Tuesday, 12 July 2016

Which variety of English would be appropriate for writing a letter to the Minister of Education raising your concerns about the quality of...

When asking about "which variety of English would be appropriate," you are asking about which linguistic "register" would be appropriate to use in a given situation among given participants. To write to the Minister of Education about the quality of education in the country, the appropriate variety (register) would be a formal variety, indicating respect for the high position of the Minister and versed in the appropriate vernacular of discussion in the field of education.

"Variety" when used to mean register specifies syntax, tone, vocabulary that is uniform with or similar to all other communication at a similar level on a similar subject or discipline. The formal variety in a letter to a Minister acknowledges respect for the other participant's position (e.g. the high position and authority of the Minister of Education), makes use of flawless Standard English syntax and grammar, employs an informative tone that is objective and impersonal, uses a vocabulary that reflects knowledge of the discipline of education (if a non-professional is writing formally about a professional discipline, their knowledge of the vernacular of the discipline will be limited but can reflect a serious, well considered, well reasoned discussion within their scope of knowledge).


The basic division of varieties (or registers) is formal, neutral and informal.
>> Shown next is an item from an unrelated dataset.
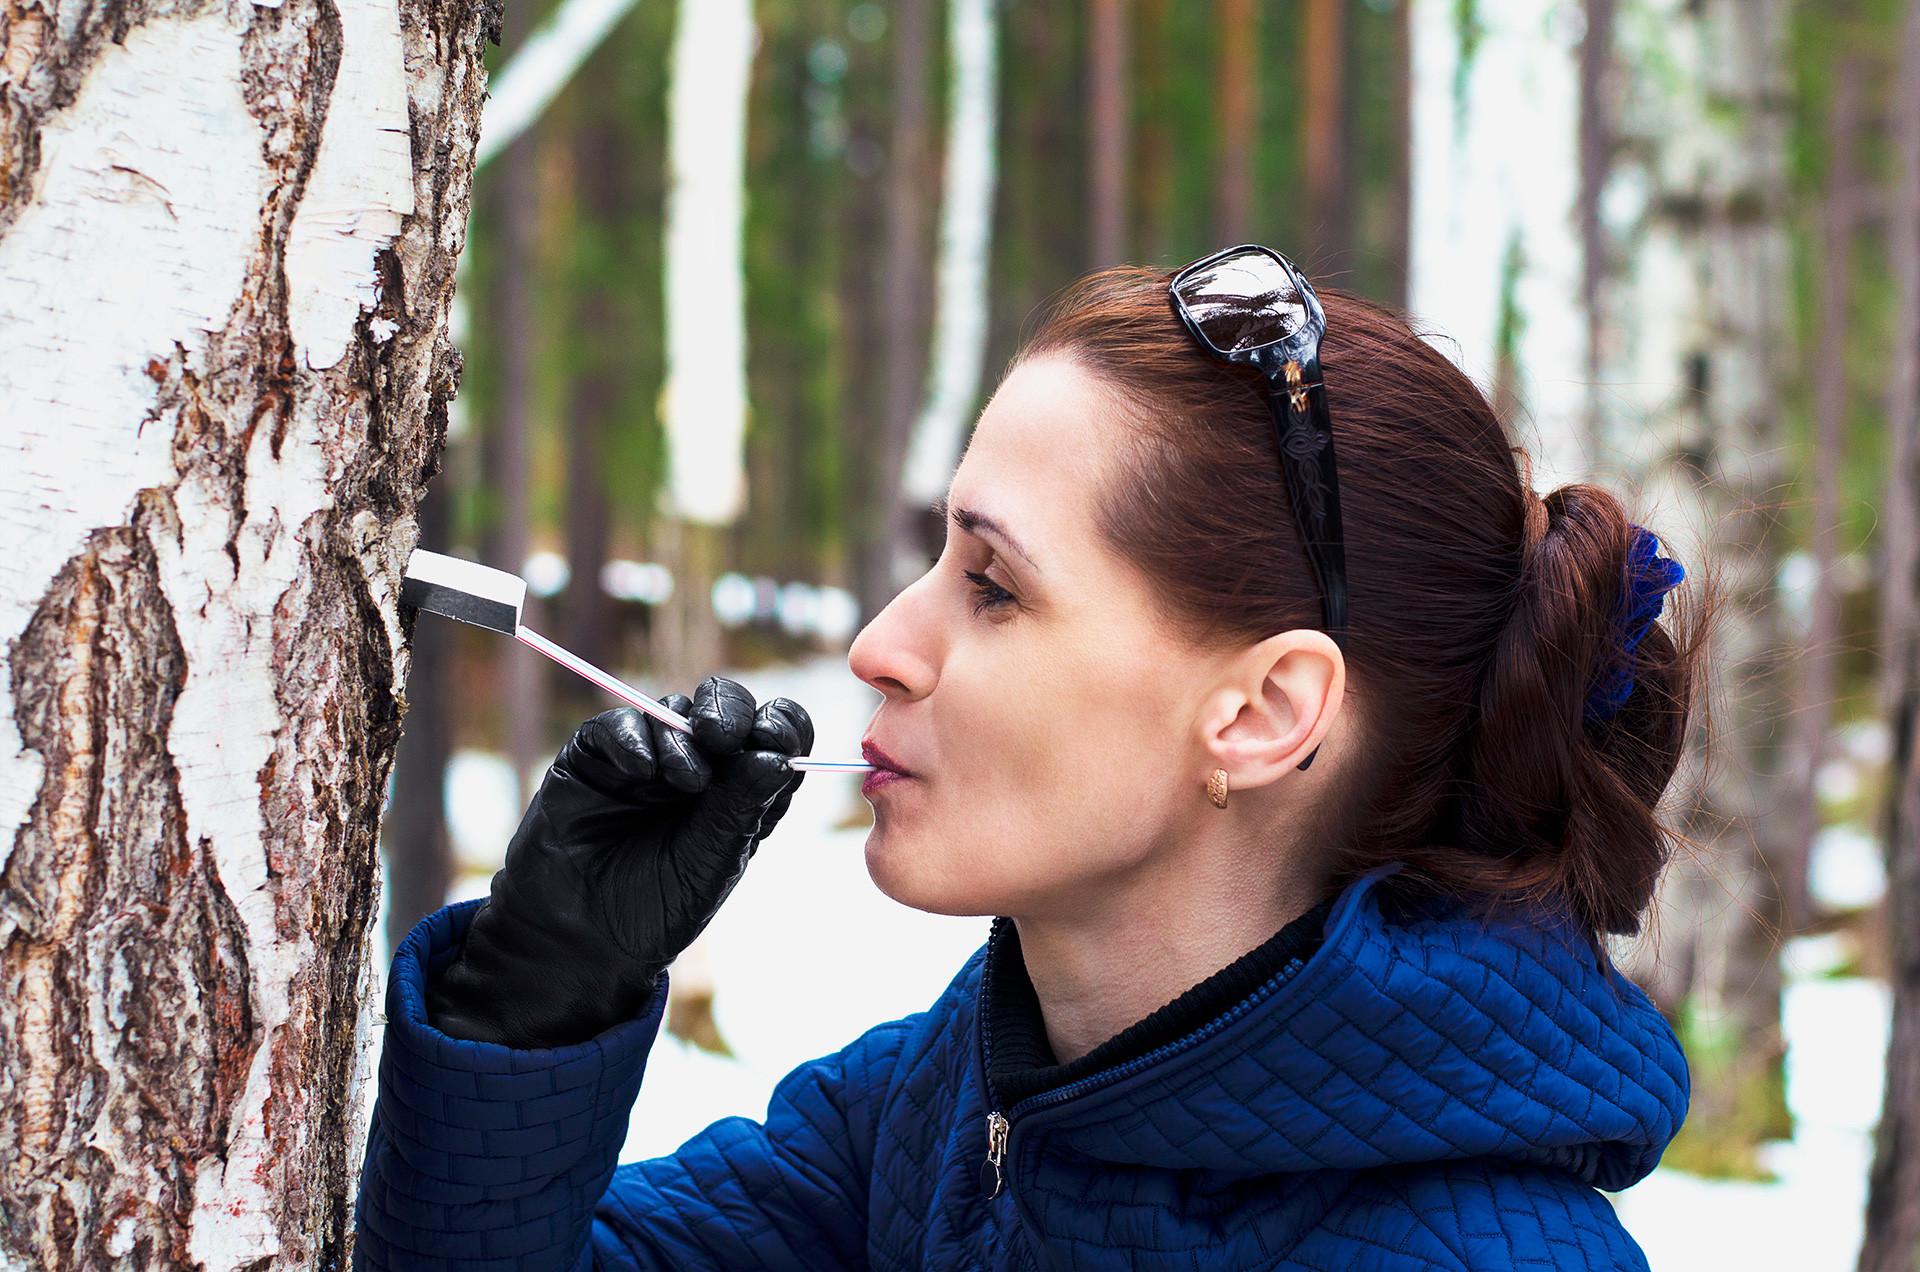 Pernahkan Anda mencicipi getah birch?

Linguists may use various divisions and different labels for varieties but each descriptive set of divisions has at its conceptual core the three simplified divisions of formal, neutral and informal. A neutral variety would be inappropriate for a letter to a Minister as it may be subjective, expressive of unsubstantiated opinion, and inexpertly composed. An informal variety would be inappropriate as it would contain culturally limited idioms, slang and perhaps vulgarities and would present opinion and information in an inarticulate, therefore inaccessible, composition.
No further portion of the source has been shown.